Алексей Шульгин
И пусть вас не эпатирует заголовок: просто художник всю жизнь посвятил изображению мёртвой натуры – камней, черепков, сосудов, минералов, костей, коряг и старинных книг.
Красивый, как античная статуя, с пронзительными глазами, прозванный друзьями Француз, Дмитрий Михайлович Краснопевцев в середине 1950 х годов разительно отличался от других художников. Все мечтали попасть в МОСХ, а он нащупывал свою дорогу в искусстве, руководствуясь интуицией и европейскими живописью и графикой, которые жадно изучал.
«Время уничтожает медленно и красиво, человек – быстро, грубо и страшно…» – любил размышлять Д.М. Краснопевцев.
Говоря о Краснопевцеве, скульптор Эрнст Неизвестный писал: «Его тихий голос слышен будет долго, и я уверен, что к нему будут прислушиваться во времени всё больше и больше и всё пристальнее». В том, что сегодня его вспоминают редко, чаще на аукционах, виноваты люди. Какие-то тёмные дела, покупка «Натюрморта с тремя кувшинами» за миллион долларов в 2006 году. Люди, в общем, виноваты. И, как ни парадоксально, он сам виноват: потому что всю жизнь стоял в стороне от хайвея искусства, работал келейно и нужных знакомств не водил, за границу не рвался.

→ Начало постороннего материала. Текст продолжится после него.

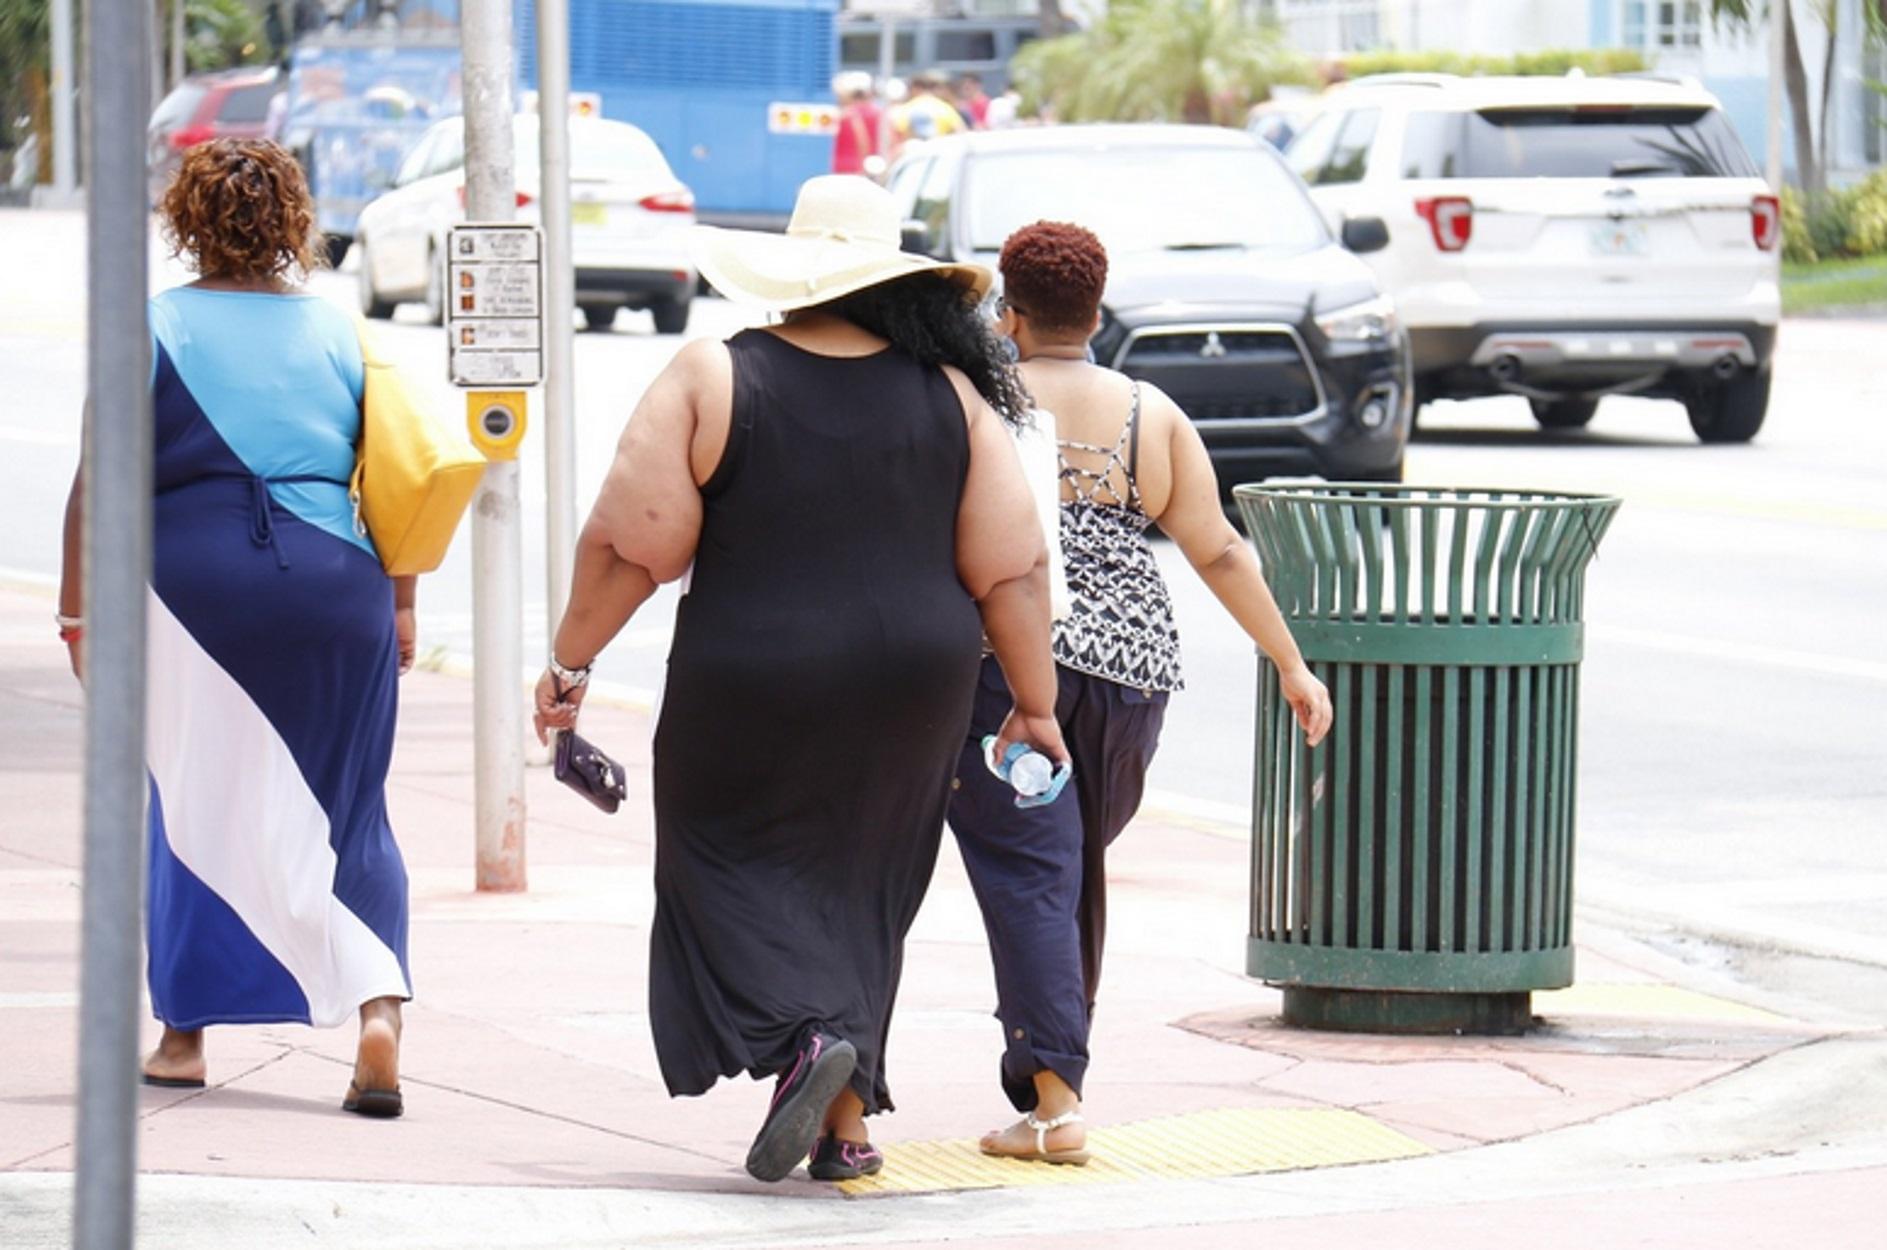 ΗΠΑ – Έρευνα: Το αυξημένο βάρος στα 60 συνδέεται με τη γήρανση του εγκεφάλου!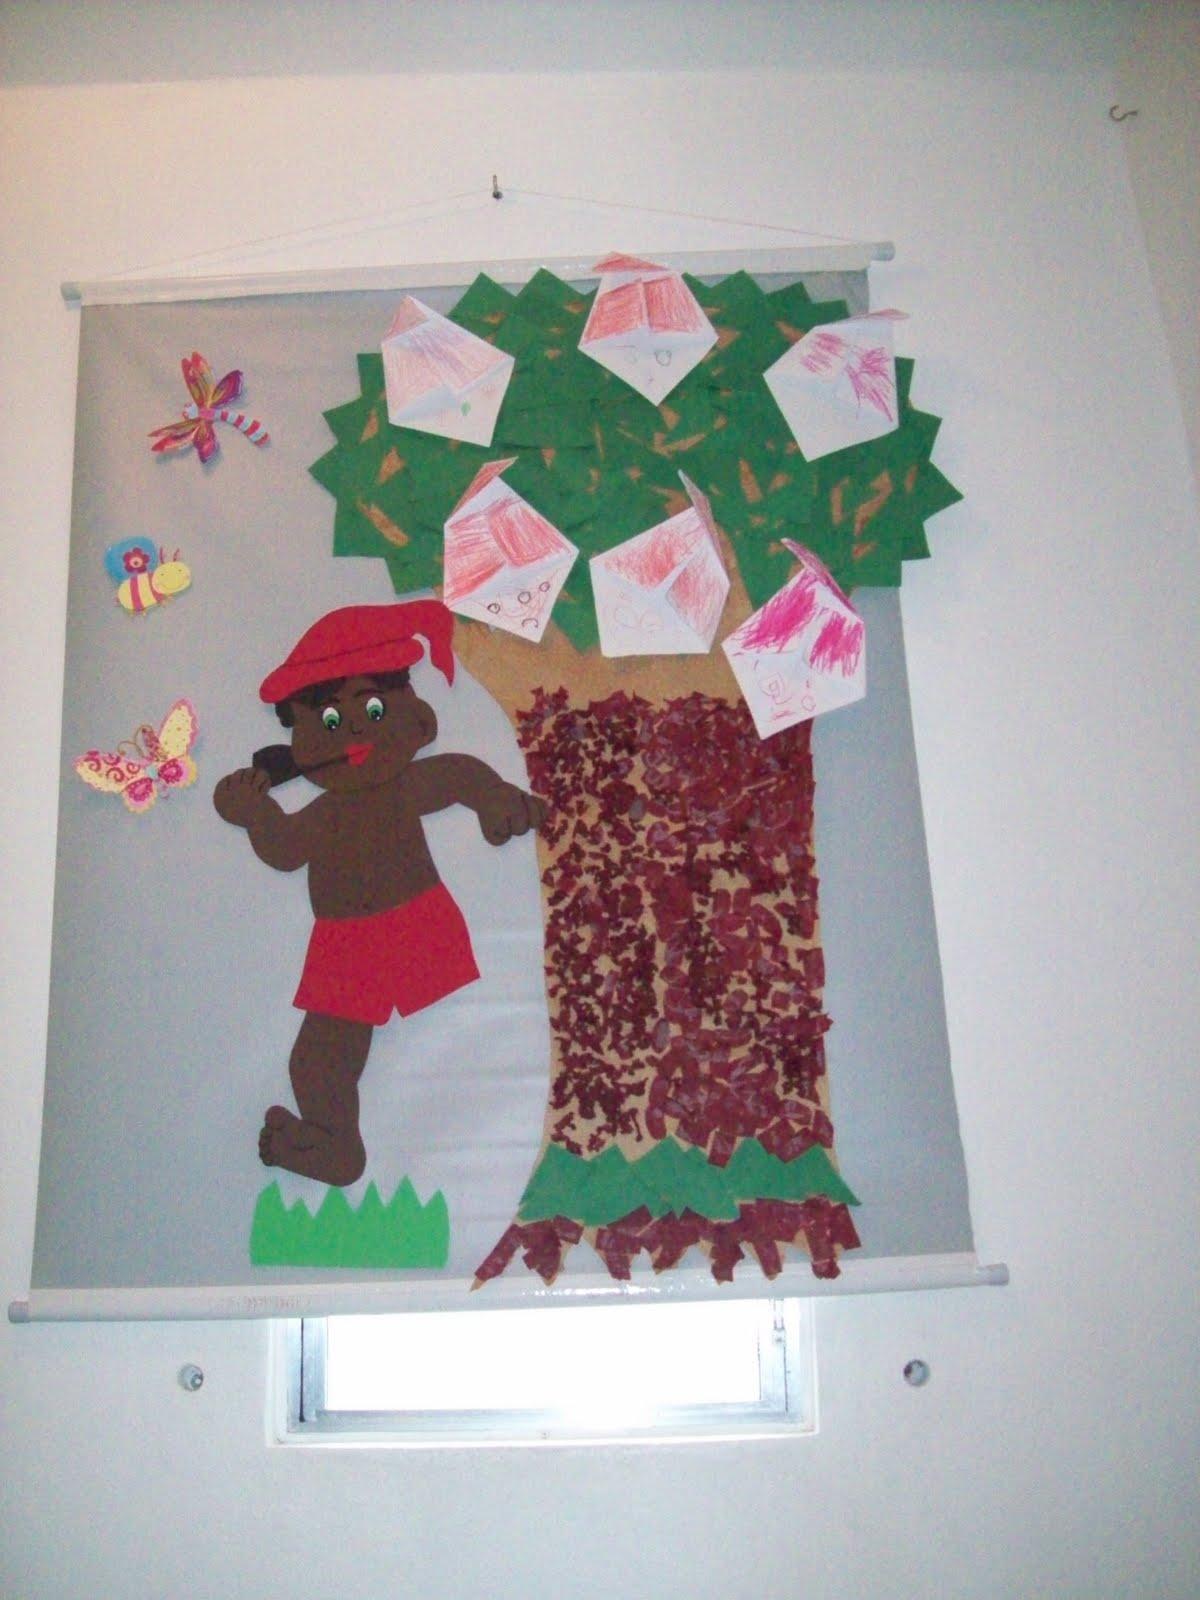 #3B8964 Educação Infantil está envolvida com a cultura do nosso Folclore  1200x1600 px Projeto Cozinha Na Educação Infantil_4295 Imagens

«Что бы ни случилось с тобой в жизни, не печалься и не радуйся безмерно. Всё было предопределено заранее, а твоя «свобода воли» состоит лишь в том, чтобы понять, принять и как можно лучше исполнить тебе порученное. Поэтому недостойно и глупо просить у Бога что бы то ни было…» (из дневников Дмитрия Краснопевцева).
Краснопевцев, возможно, предчувствовал эту временную и личностную катастрофу. Как вспоминал другой художник Дмитрий Плавинский:
«– Дима, – говорит мне Дима, – ты единственный из нас можешь написать воспоминания о том, как и чем мы жили, не искусствоведческий труд, а просто всё то, что придёт в голову. Пройдёт некоторое время, и, я уверен, это будет интересно.
– Дима, – отвечаю я Диме, – жизнь полна бессмысленной динамики, и сосредоточиться на прошлом нет возможности. Вот попаду в больницу, тогда может быть…
Но жизнь не любит шуток…»
Ему повезло с покровителями: очень рано творчество Краснопевцева оценили Г.Д. Костаки и С.Т Рихтер, ставшие друзьями и меценатами художника. Оба сыграли судьбоносные роли. Два этих человека, по сути, стали ангелами-хранителями молодого человека. Хотя всё в условиях рабоче-крестьянской законности и в реалиях социалистического общества было небезоблачно.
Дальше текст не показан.